The hidden cost of bad policing

We are in the early stages of what appears will be a deep and lengthy economic recession. People are hurting as businesses fail and jobs disappear. From mid-March through the end of May, 40.8 million Americans have filed jobless claims. Prospects are expected to improve slightly this summer as businesses reopen, but that respite will be short lived, according to experts assembled for a panel discussion led by the Federal Reserve Bank of Minneapolis. 

“People think [COVID-19] is a disease affecting old people,” said Michael Osterholm, director of the Center for Infectious Disease Research and Policy at the University of Minnesota, during the discussion. “If you think the pandemic won’t touch you, your time will come. Every family will be affected. It’s like a match to a gas can.”

Osterholm’s choice of metaphor was on my mind a lot as I watched protests spread across the Twin Cities after George Floyd was murdered by Minneapolis police. Because Floyd’s death was recorded and went “viral,” we can better conceptualize statistics on police brutality as reported by the Federal Reserve: Black Americans are four times more likely than white Americans to die at the hands of police; the discrepancy is only slightly less horrid for Hispanics and Native Americans, who are three times as likely to die from an encounter with police. The video that chronicled the death of a black man gives life to statistics that, for many white people, have been too easy to ignore. 

The protests that started in one Minneapolis precinct on May 27 and have spread globally as of this writing also reveal that members of the police are willing to brutalize peaceful protestors of all races, along with members of the press who are on the streets doing their jobs. One consequence to policing tactics that violate human rights, not to mention constitutional ones, is that cities across the United States have been paying millions to settle lawsuits for police misconduct and the wrongful deaths of people of color. 

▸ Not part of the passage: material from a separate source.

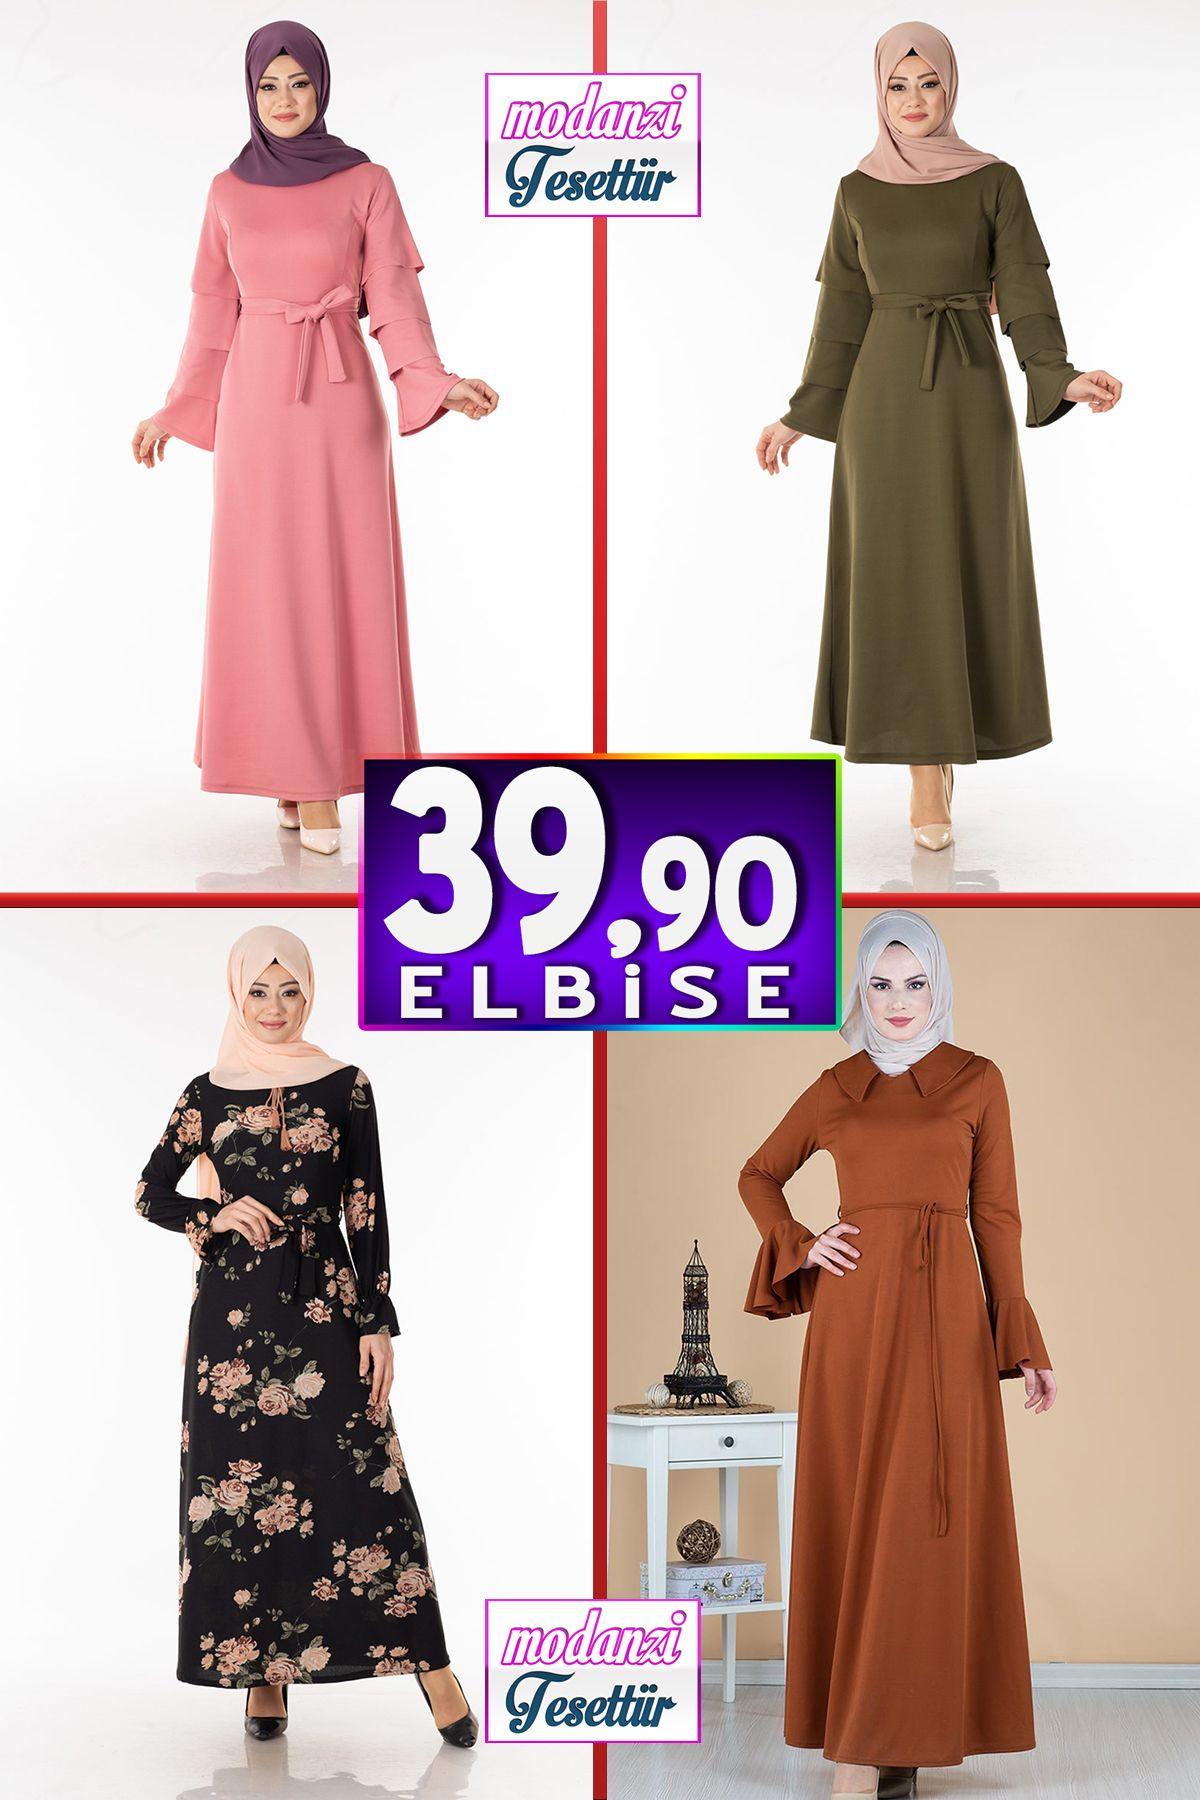 Tesettur Pazari 39 90 Tl Elbise Modelleri 4 Kampanya Indirim Tesettur Elbise Modelleri 2020 Elbise Elbise Modelleri Kasmir

For instance: The city of Cleveland paid the family of 12-year-old Tamir Rice $6 million to “compensate” for his killing. New York City paid the family of Eric Garner $5.9 million to settle a wrongful death suit. Between 2004 and 2014, Chicago paid out $521 million to settle police brutality cases. Those are tax dollars being spent, which means we all indirectly perpetuate a system that disproportionately targets people of color. It is time to speak firmly for reform rather than stand in silence like those other police officers who were not kneeling on George Floyd’s neck.

Cities and counties now budget for huge payouts to cover police misconduct. Some have turned to issuing bonds to cover judgments, which increases taxpayer burden. I encourage you, as community leaders, to find out how your police department trains, what tactics it allows, and how it holds itself accountable to you and your fellow citizens. Because if you don’t think police brutality affects you, your time has come.